Ethics code: IR.ARAKMU.REC.1396.191
Arak University of Medical Sciences , z.ariyan2002@gmail.com
Abstract: (2113 Views)
Background & Aims: Breath holding spell (BHS) is one of the most common benign non-epileptic paroxysmal attacks in children triggered by a provocative action such as emotional distress and partial damage, and continues with breath-holding, cyanosis and syncope. They vary in how often they occur and how severe they are, however, decrease in frequency is obvious as the autonomic nervous system develops. Although these spells are benign, they can be terrifying to observers. Given their similarity to epileptic seizures, it is initially vital to differentiate these spells from epileptic seizures so that the child is not inappropriately treated with antiepileptic medications. Approximately 20–30 % of affected children's parents is reported to have a history of the condition. A disorder in central autonomic regulation probably transmitted by autosomal dominant pattern of inheritance with incomplete penetrance is recognized to be the major cause. This study aimed to compare the electrocardiographic components and the demographic data of children with BHS and healthy children.
Methods: In this prospective and cross-sectional study, the population consisted of 60 children with BHS were selected as case group and 60 healthy children as controls who were the same in terms of age and sex. ECG was taken from all children, along with a history of previous spells and demographic information, by a researcher-made questionnaire at Amirkabir Hospital. As well as, a thorough clinical examination was conducted with special emphasis on the patient’s personal history, including age and gender, complaint (i.e., type of BHS, its duration and the provoking factors), family history of similar conditions and consanguinity, and developmental history. A “spell” or “episode” was defined as the stoppage of child’s breathing during expiration after a deep inspiration while crying. The spells were classified into two types of cyanotic and pallid spells. The study received ethical approval from the Research Ethics Committee of Arak University of Medical Sciences (IR.ARAKMU.REC.1396.191) for experiments involving humans. Finally, the results were analyzed using SPSS V24 software.

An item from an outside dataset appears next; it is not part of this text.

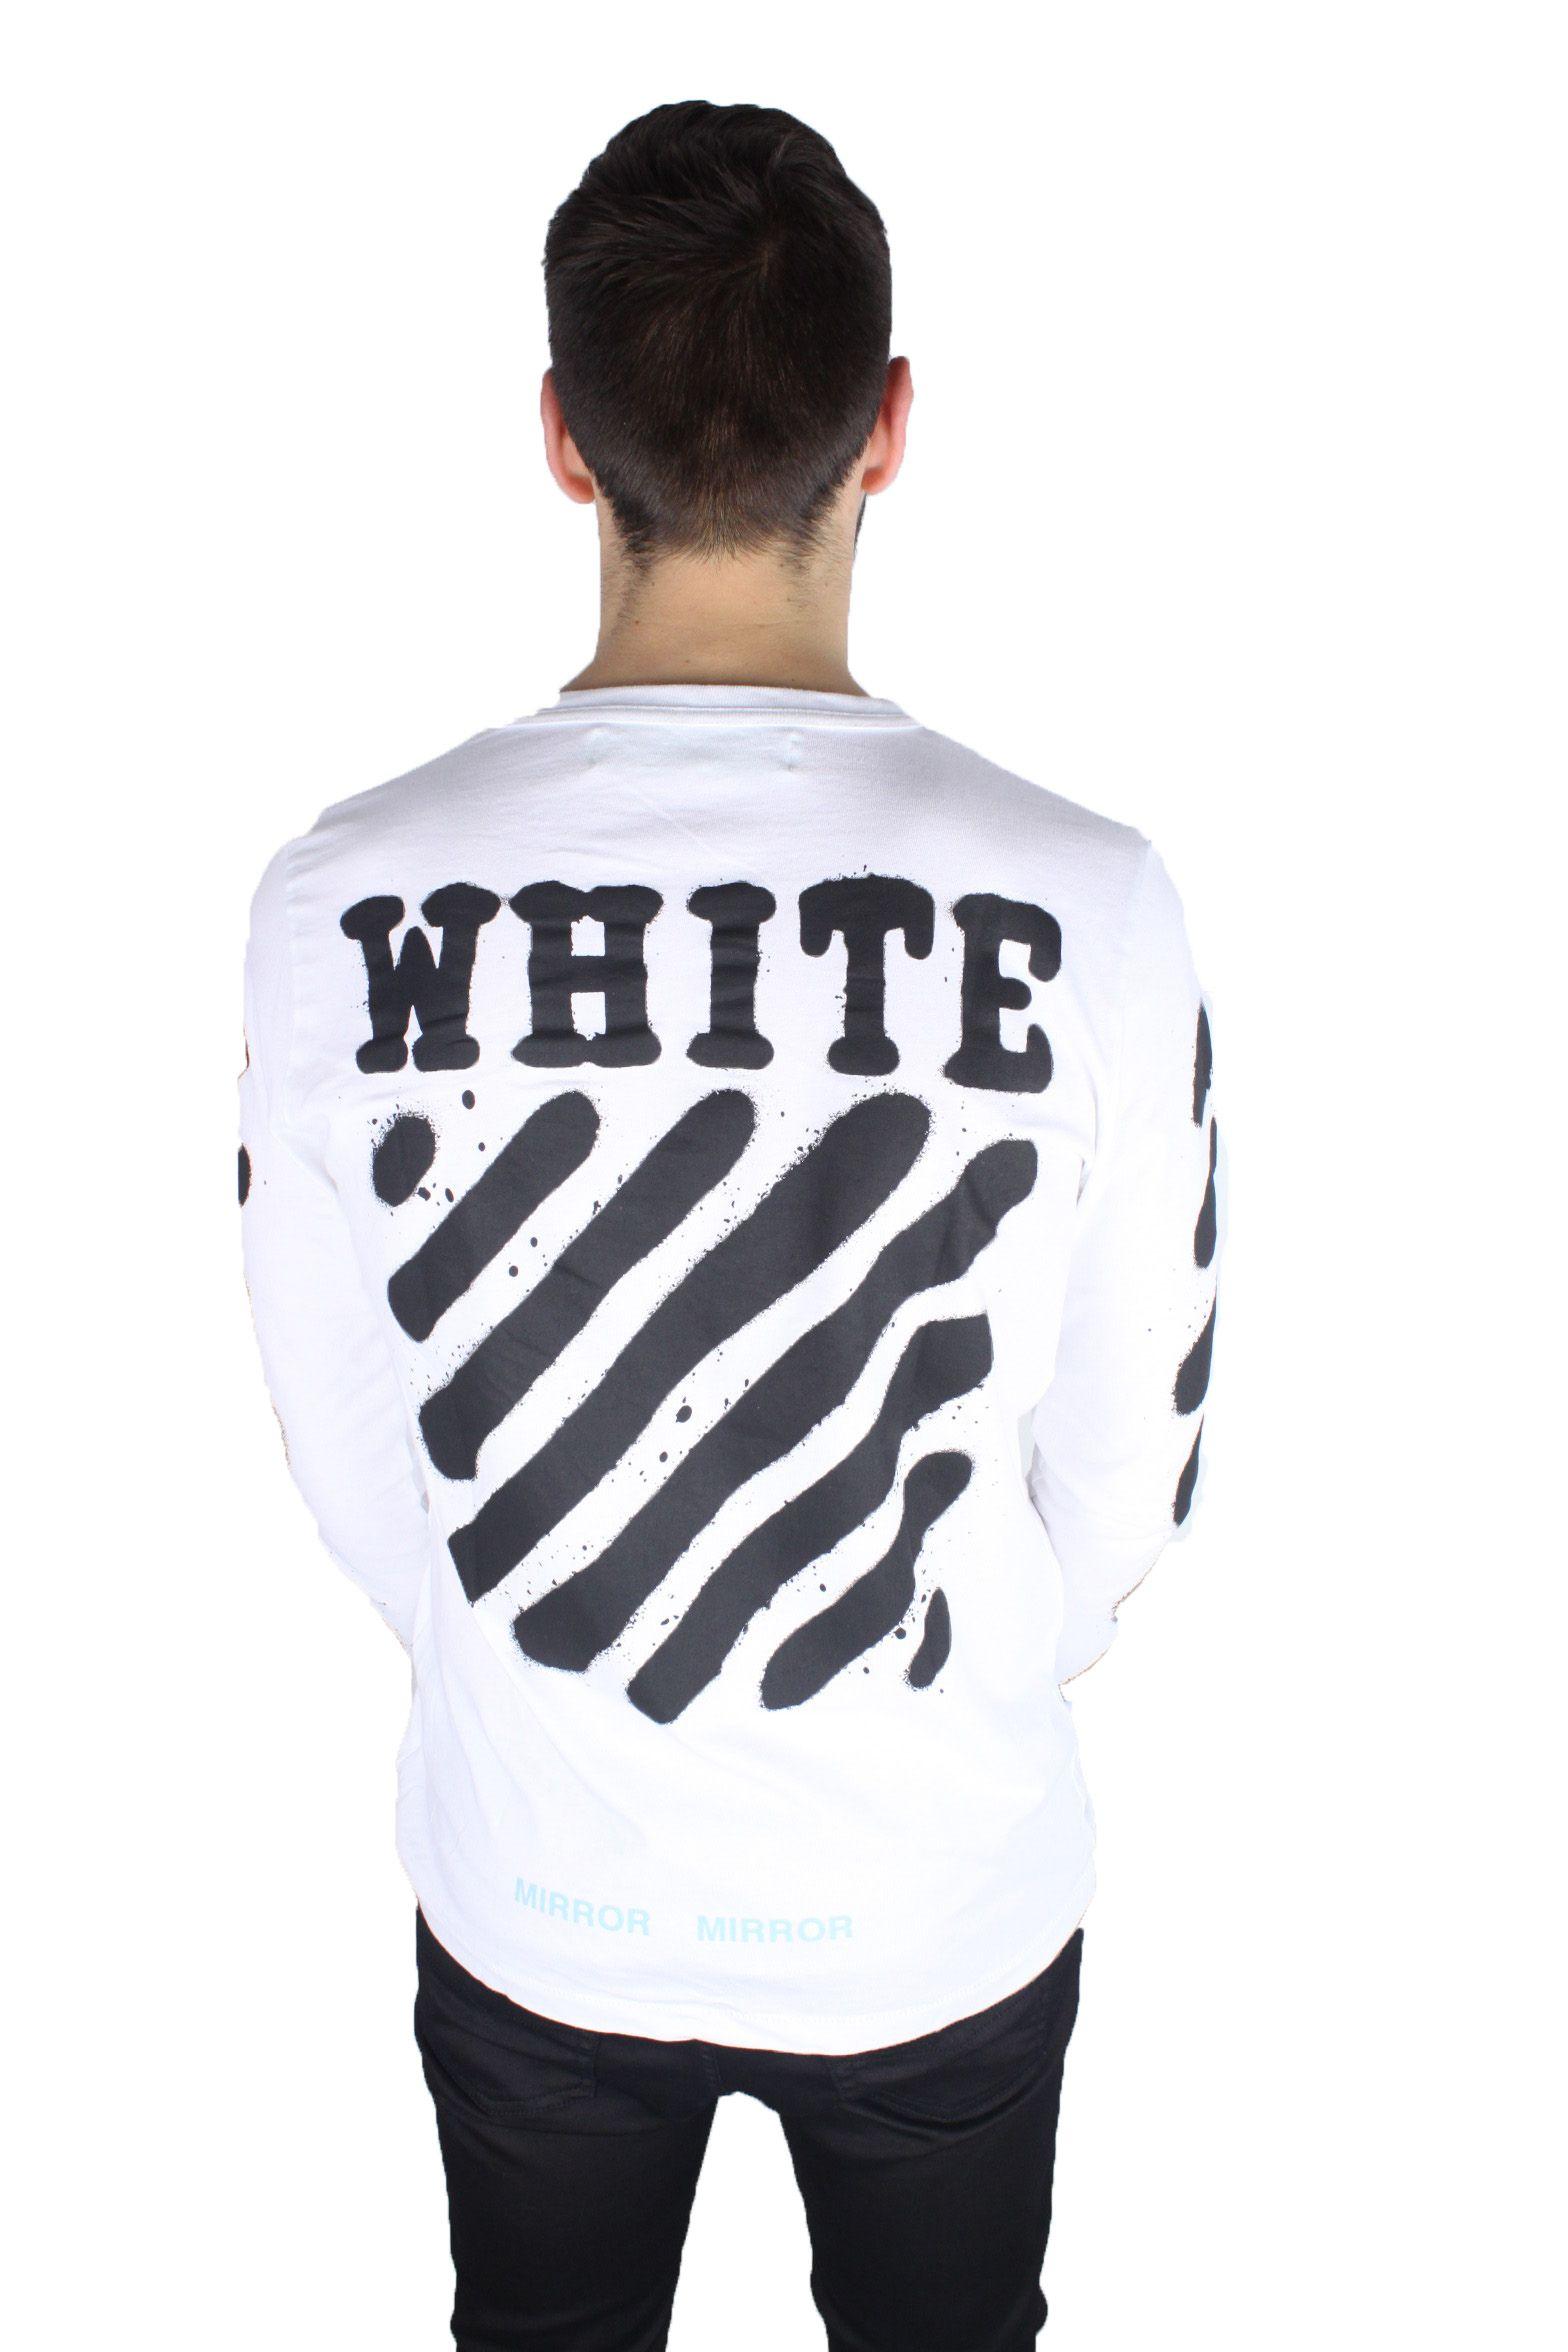 Off-White Diag Spray Long-Sleeved Tee OMAB001 S17185023 0110 T-Shirt

Results: Echocardiography was normal in all children (n = 120) and did not show any abnormality. During the period of study (one year), 60 children were diagnosed with breath holding spells by clinical evaluation in Amirkabir Hospital located in Arak. The mean age was 25.75 ± 12.68 months for patients and 24.23 ± 13.36 for controls with an age range from 6 months to 5.5 years. The studied population consisted of 69 females and 51 males with no significant difference in their mean age (p <0.05). Among 60 children with BHS in the current study, 68.33% had cyanotic, 11.67% had pallid and 20% had mixed BHS. Anemia was also significant between the two groups. By calculating the mean values of P wave, PR segment, T wave, P and QRS amplitude, there was no significant difference between two groups of children with BHS and healthy children, while there was a significant difference between them in other ECG parameters. There was no significant difference for T wave among affected children and healthy children. In several studies, T wave peak and T end interval on the surface of ECG is found to be a useful marker for predicting the risk of developing life-threatening arrhythmias. T wave was measured in the current study in children with BHSs and healthy children and no significant difference was observed between these two groups. P-wave amplitude was then analyzed and no significant difference was observed between patients with 101.3 ± 10.8 mv and controls with 100.0 ± 00.0 mv. Additionally, there was statistically significant difference in QTcd between children with BHS (29.60 ± 19.85 ms) and controls (39.28 ± 4.1 ms). The difference in T interval was statistically significant between patients and control with values of 60.0 ± 26.5 ms and 40.0 ± 00.0 ms, respectively (P<0.01). According to our exclusion criteria, cases with persistent prolonged QT syndrome (LQTS) were not included in this study as prolonged QT syndrome associated with syncope is a serious condition needing interference up to pacemaker implantation.
Conclusion: According to the results of this study, familial history and anemia can have a positive effect on children with BHS. As BHSs are similar to some hazardous conditions such as long QT syndrome, evaluating electrocardiographic parameters is required in addition to clinical examinations and demographic information in children with BHS. And given that no research has been conducted on children with BHS in their adulthood, it is recommended to check the risk of cardiovascular diseases in these individuals in adulthood so that if such complications are observed, more attention should be paid to BHS treatment.